The first faculty of Marquette Catholic School was composed of Archdiocesan priests and the Franciscan Sisters of Perpetual Adoration of La Crosse, Wisconsin. Father Frederick C. Bahning of St. Joseph's, Bellevue and Father William J. Tiedeman were full-time teachers and Father Richard R. Krapfl of St. Catherine's, Father Peter M. Graff of St. Donatus and Father Ivan J Boyd of St. Peter's, Sabula and Sacred Heart, Green Island were part-time teachers.

Sister Mary Georgiana Blum was named the first principal of Marquette. Sister Mary Gerardine Bos, Sister Mary Maristelle Massman, Sister Mary Jolene Heue, Sister Mary Rosannita Menke and Sister Mary Edna Wagner made up the rest of the faculty. Enrollment at Marquette varied greatly through the years. One hundred eighty-nine were enrolled the first year. When the Holy Rosary High School in LaMotte closed in 1965, the Marquette corporation was reorganized to include Holy Rosary parish. As a result, enrollment at Marquette Catholic School increased to 266 and two lay teachers and three religious sisters were added to the faculty. The highest enrollment recorded at Marquette Catholic School was 318 students in 1972. A new pitched roof was added to the school during the summer of 1988. A gable was also added to the north doors to enhance the appearance of the front entrance.

On December 10, 1996, the Marquette Educational Center (MEC) opened its doors. The gymnasium is part of the Lynch Auditorium, which is named after Fr. Mick Lynch, and includes a stage and four locker rooms. Fr. Mick Lynch, a former principal and a long-time Marquette supporter, along with his father, matched 10% of the money raised by the end of 1998, up to $1,000,000. The new center also features an ICN - Iowa Communications Network room that allows students to attend college accredited courses via video conferencing. The capital campaign, named Commitment to Our Future, raised $900,000 with major support from the community as a whole. Prism, of Keiler, Wisconsin, was the general contractor with help from over fifty students and parents.

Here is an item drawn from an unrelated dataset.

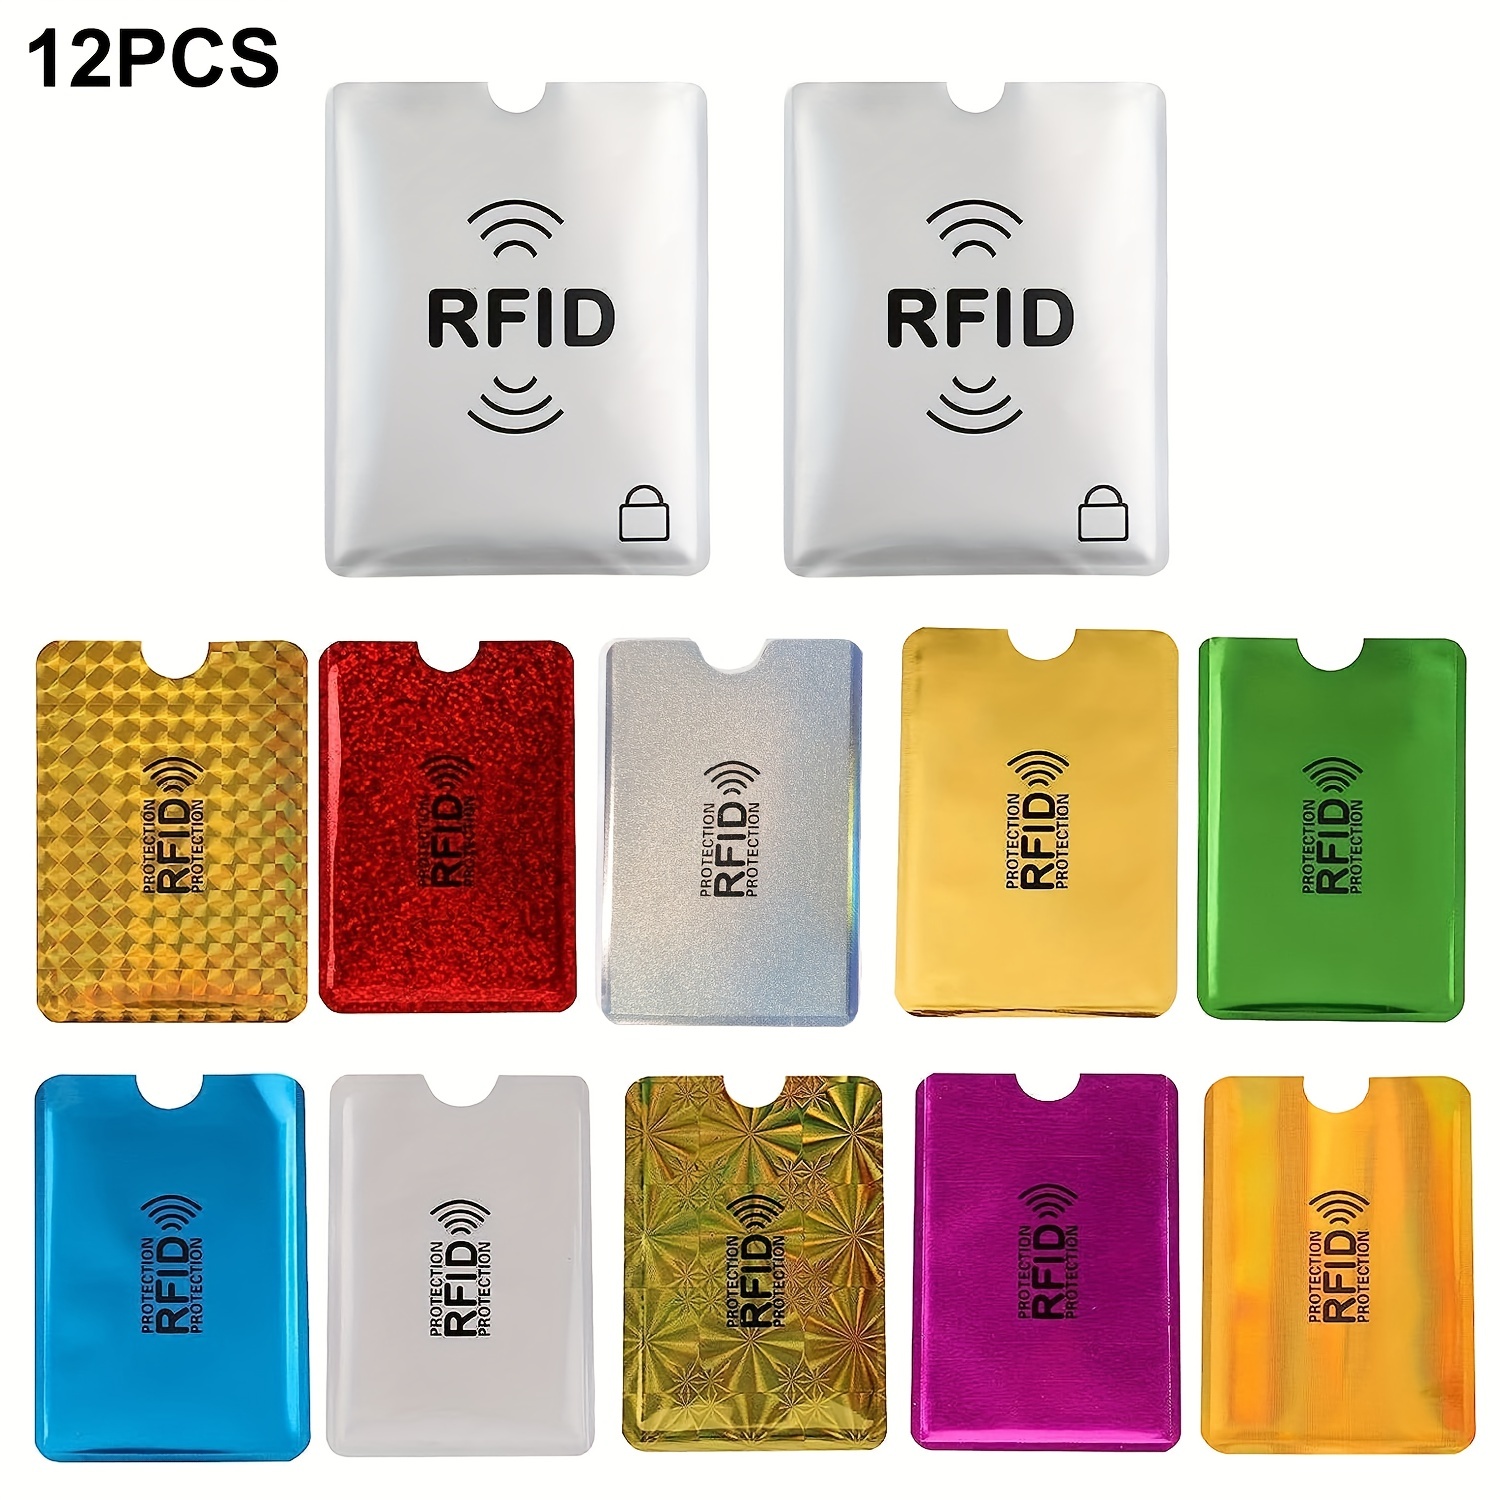 Difference Between RFID Blocking Cards And Sleeves?
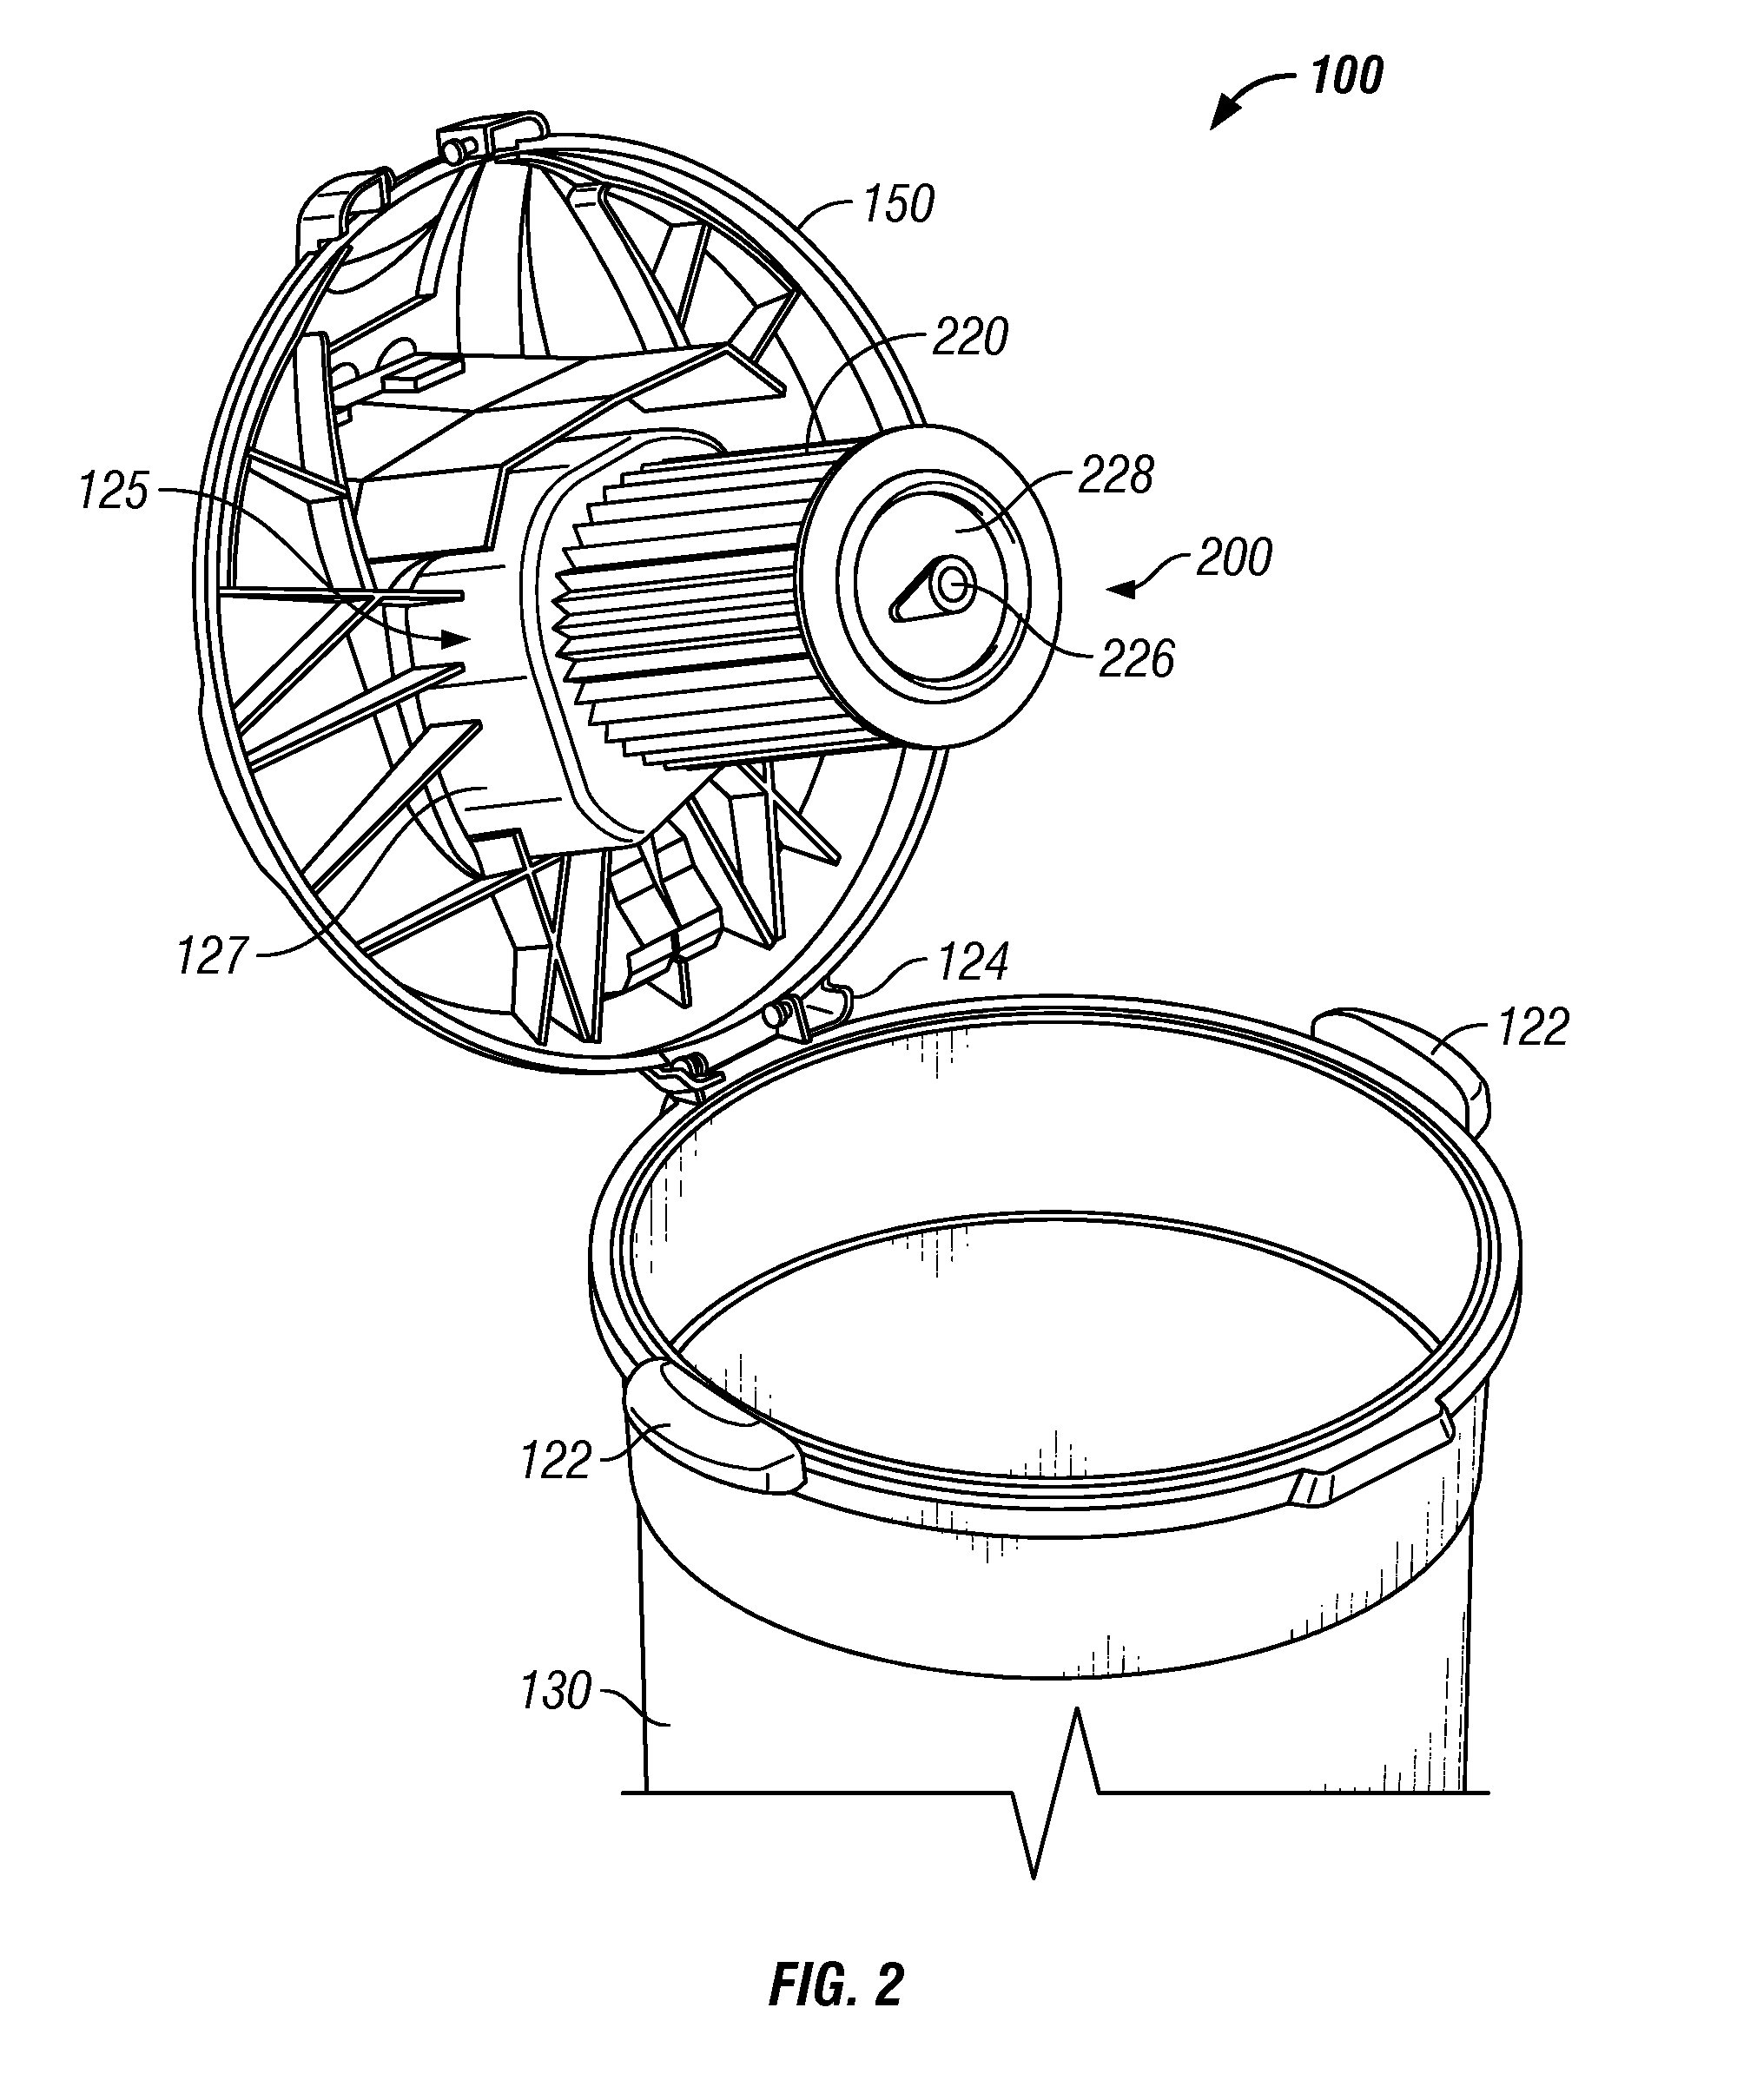 Easy access filter assembly for a wet/dry vacuum appliance

In 2014 St. Joseph's Catholic Church and Marquette Schools purchased Fifth Street between Franklin and Park streets from the City of Bellevue as part of an expansion project. Construction included the addition of a multipurpose room and "parish center" where Fifth Street once existed, connecting all campus buildings excluding the church. The parish demolished the historic St. Joseph's Middle School building built in 1930 in favor of 45 new parking spaces. The project was completed in 2017.

==Athletics==
Marquette Catholic offers baseball, softball, boys cross country, girls cross country, volleyball, boys basketball, girls basketball, boys golf, girls golf, and soccer. Marquette students are also able to compete with Wahlert Catholic High School in Dubuque, Iowa in swimming. Marquette students are also able to compete with Bellevue High School in Bellevue, Iowa in football, track, boys bowling, and wrestling.

Marquette was formerly a member of the Big East Conference. Beginning in the 2013-2014 school year, Marquette Catholic Schools became a member in the newly expanded Tri-Rivers Conference.